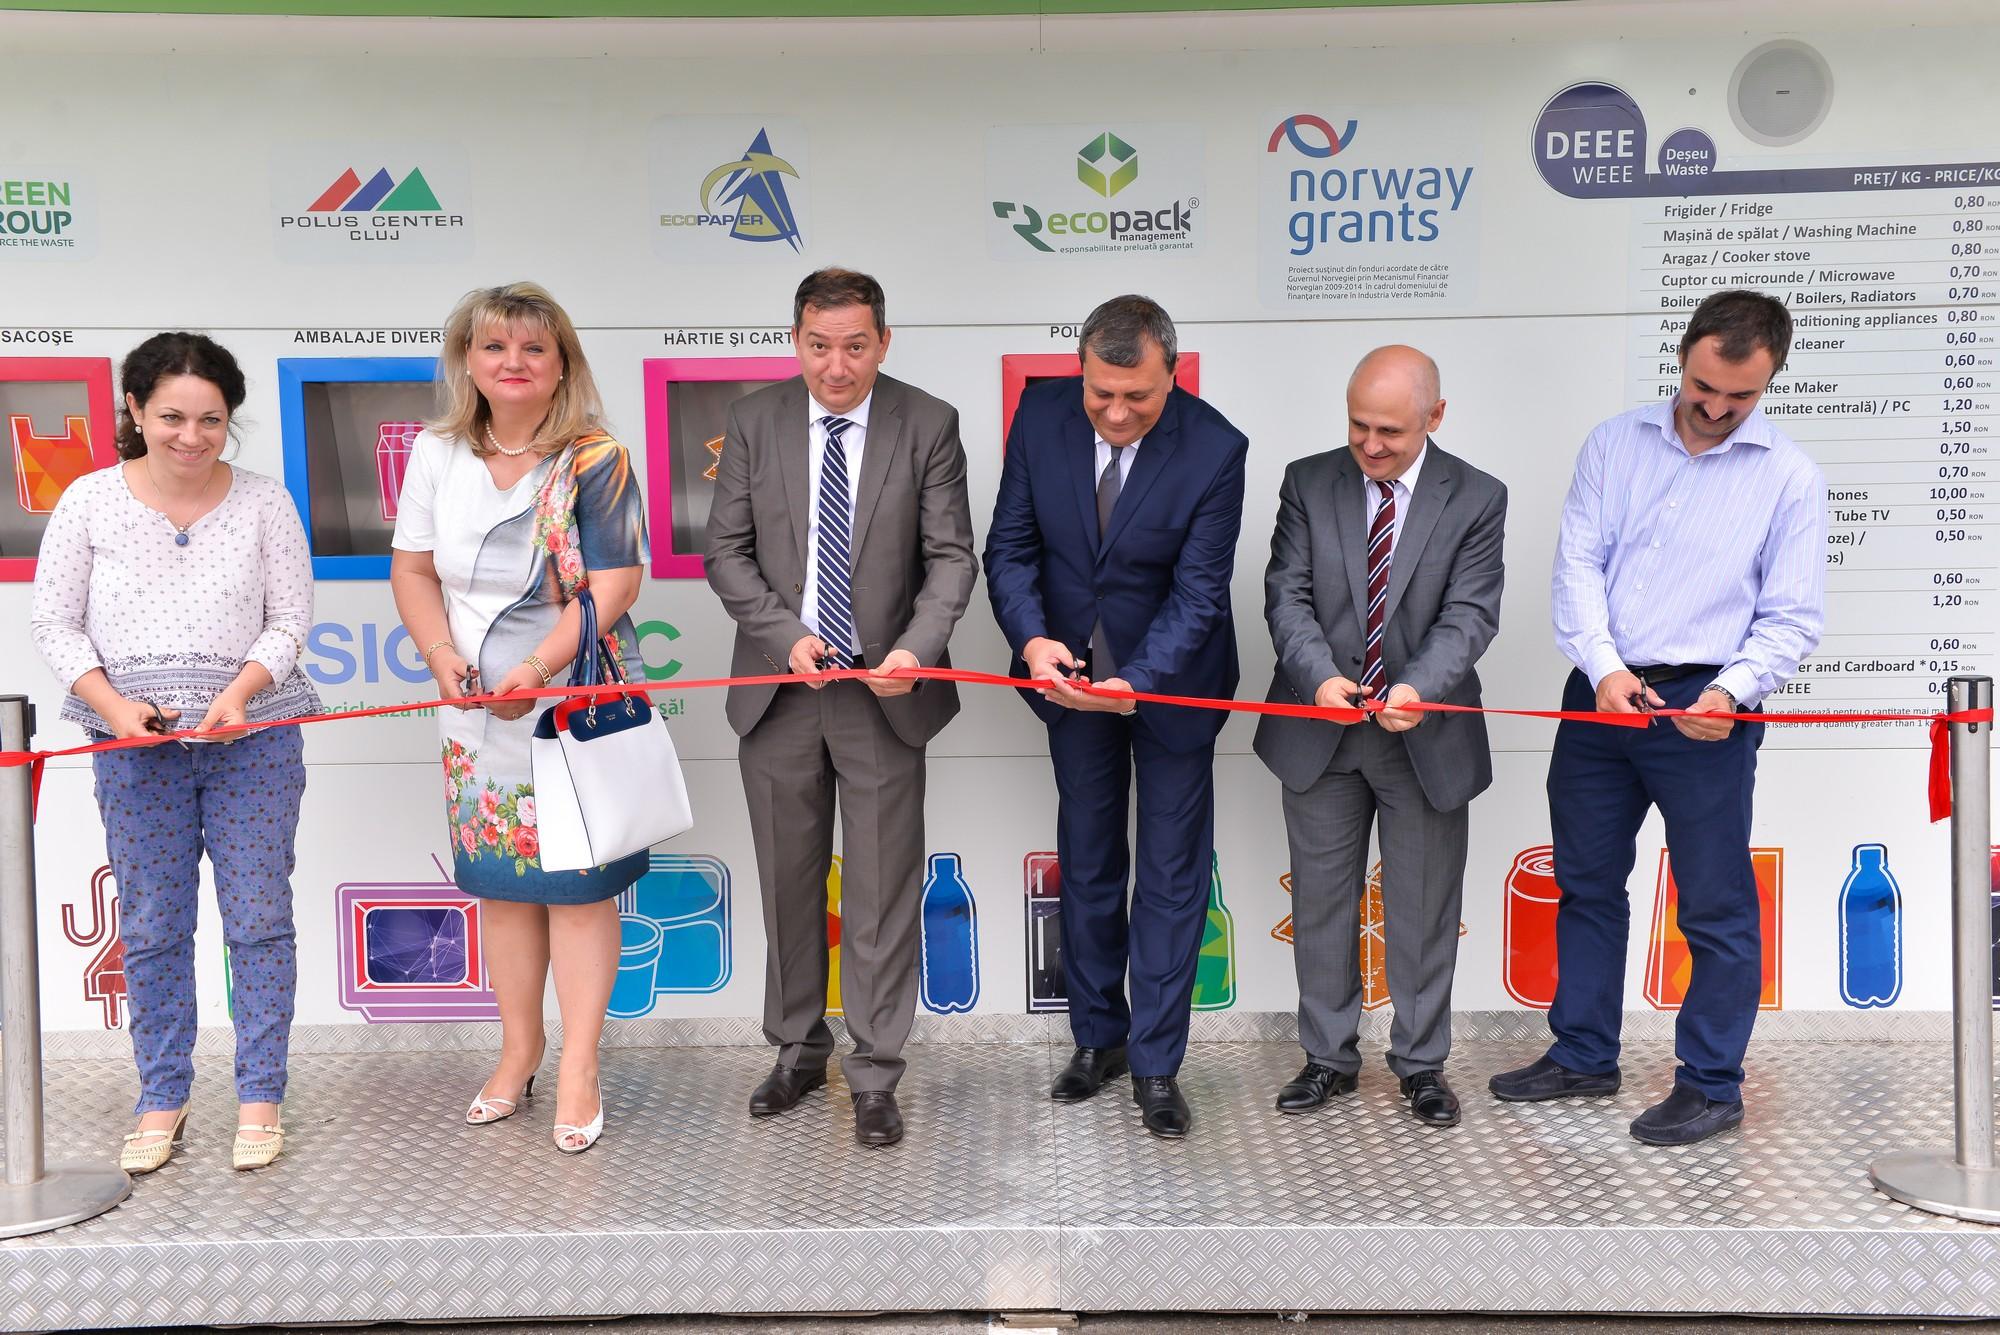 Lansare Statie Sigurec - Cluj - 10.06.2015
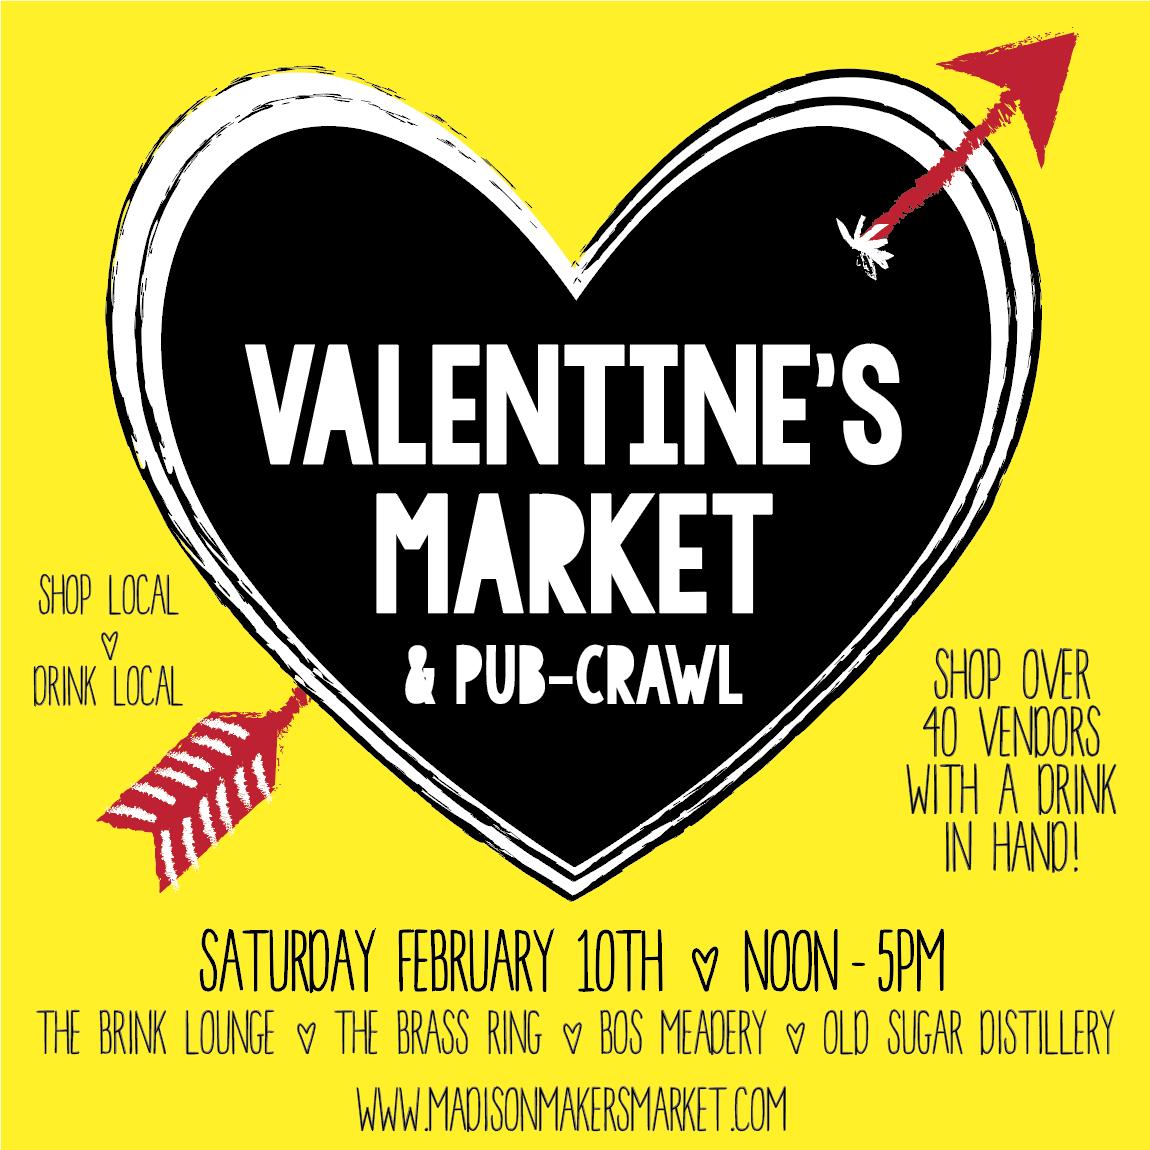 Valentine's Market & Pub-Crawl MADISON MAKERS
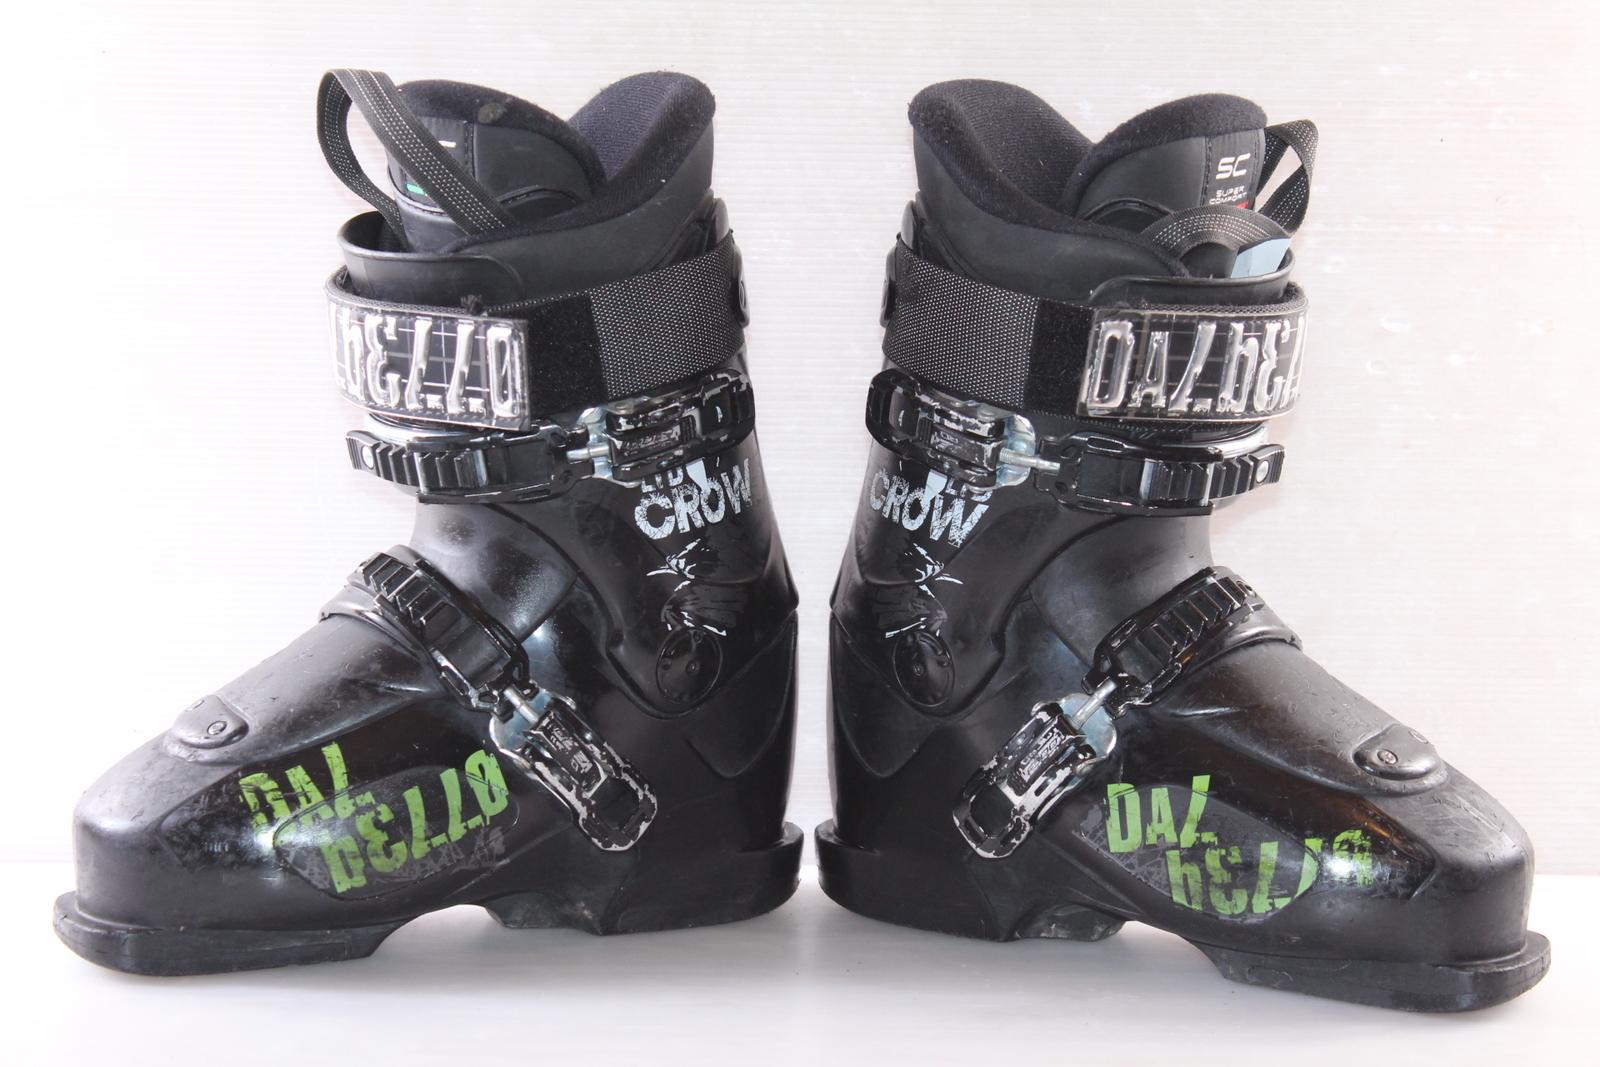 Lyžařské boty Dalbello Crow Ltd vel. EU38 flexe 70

**Description of the task:** The answer must be the lines above from the line that contains "Valentine's Market &" to the final line of the data, word for word, with no pictures.

**Reply:**
 Valentine's Market & Pub-Crawl MADISON MAKERS
 Lyžařské boty Dalbello Crow Ltd vel. EU38 flexe 70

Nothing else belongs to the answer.